Un ex-employé de la banque genevoise a été mis en examen jeudi dans le cadre de l’enquête sur le blanchiment de 109 millions de dollars par trois clients russes en 2011.
Nouveau rebondissement dans l’affaire des trois Russes et de leur magot de 109 millions partagé en liquide dans les locaux de la banque Bordier en mars 2011. S. G. , 37 ans, ancien gérant de fortune spécialisé sur le marché russe, a été inculpé jeudi pour «défaut de vigilance en matière d’opérations financières», a appris «Le Matin Dimanche».
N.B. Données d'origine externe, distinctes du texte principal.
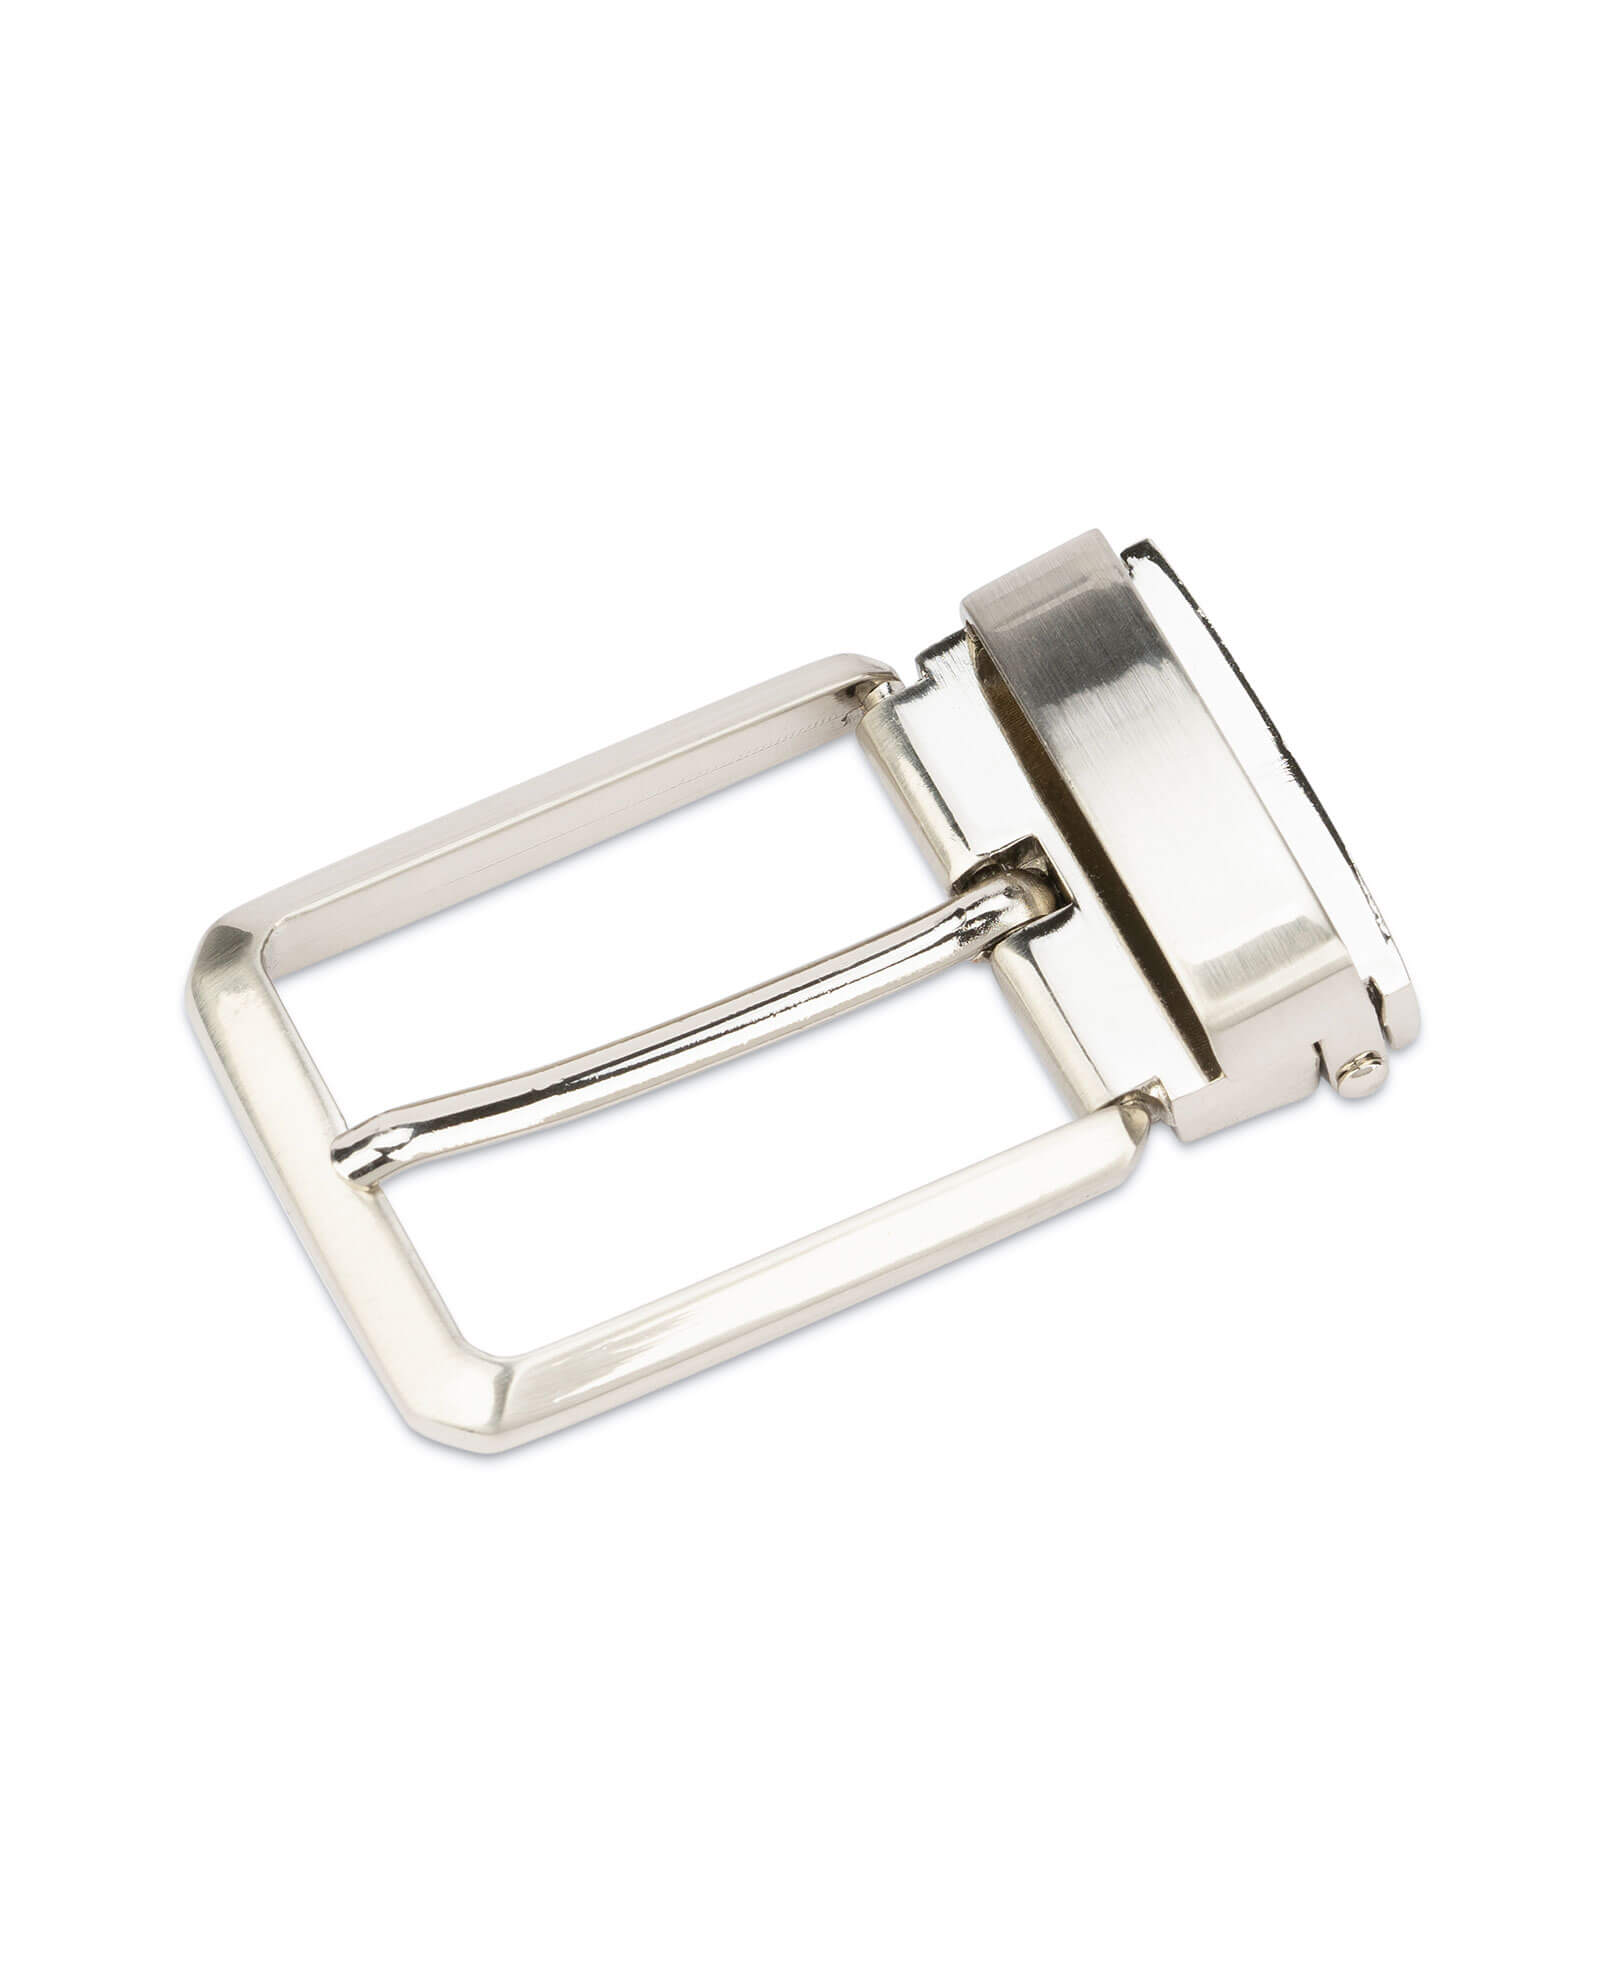 Replacement Mens Buckle for Belts | 30 mm Nickel

Cette mise en examen intervient un peu plus d’un mois après la libération d’un des trois traders à l’origine d’une vaste fraude boursière conduite au détriment de la filiale de la banque russe Otkritie à Londres. Serguey Kondratyuk, 33 ans, était le seul membre du trio à avoir fini sous les verrous. Il a plaidé coupable en procédure accélérée devant le Tribunal correctionnel de Genève le 20 avril dernier. La question est depuis lors sur toutes les lèvres: qu’a pu raconter l’ancien trader au procureur Tappolet en échange de sa libération accélérée? A-t-il «chargé» ses anciens banquiers? Le juge en charge du dossier, Marc Tappolet, n’a pas souhaité faire de commentaire.
Bordier avait licencié S. G. dès l’éclatement de l’affaire, fin 2011. Une plainte aux Prud’hommes s’était soldée par une transaction à l’amiable. En privé, le jeune homme s’estimait «plutôt satisfait» de cette solution. Grégoire Bordier avait déclaré que ce licenciement n’avait rien à voir avec l’épisode des trois Russes. L’inculpation pénale de S. G. pourrait mettre en péril cet équilibre.
Signe d’un changement de stratégie, S. G. a fait appel depuis jeudi aux services d’un nouvel avocat. Il sera désormais représenté par Marc Bonnant. Ce dernier avertit d’emblée: son client n’a aucune intention de jouer les fusibles. «Si la tentation de la justice était d’imputer à un seul employé subalterne ce qui était, par hypothèse, un comportement délictueux vu, su et conçu par sa hiérarchie, je ne me résignerai pas à ce que l’on fît de mon client la seule cible de l’enquête», prévient le ténor du barreau.
«Nous ne faisons pas de commentaire au sujet d’une inculpation dans une affaire dans laquelle nous ne sommes que témoins», indique Nicolas Terrier, chef du service juridique de Bordier. Grégoire Bordier, qui a déjà été entendu à quatre reprises par le procureur Tappolet, sera à nouveau convoqué dans les prochaines semaines.
L’associé devra notamment expliquer comment un des Russes, Ruslan Pinaev, est parvenu à vider une dizaine de millions de dollars de son compte chez Bordier, en liquide et par des achats de bijoux, alors que les soupçons s’accumulaient contre le trio.
Selon nos informations, S. G. se serait opposé à ces retraits suspects, avant que Grégoire Bordier ne les autorise en partie suite à un appel de l’avocat genevois de Ruslan Pinaev. La banque avait finalement dénoncé ses trois clients au Bureau de communication en matière de blanchiment d’argent (MROS) quelques jours plus tard. Serguey Kondratyuk s’était fait pincer à l’aéroport de Zurich, mais son comparse Ruslan Pinaev avait pu fuir avant lui. Ce dernier est aujourd’hui réfugié en Israël, d’où il coopère avec la justice genevoise.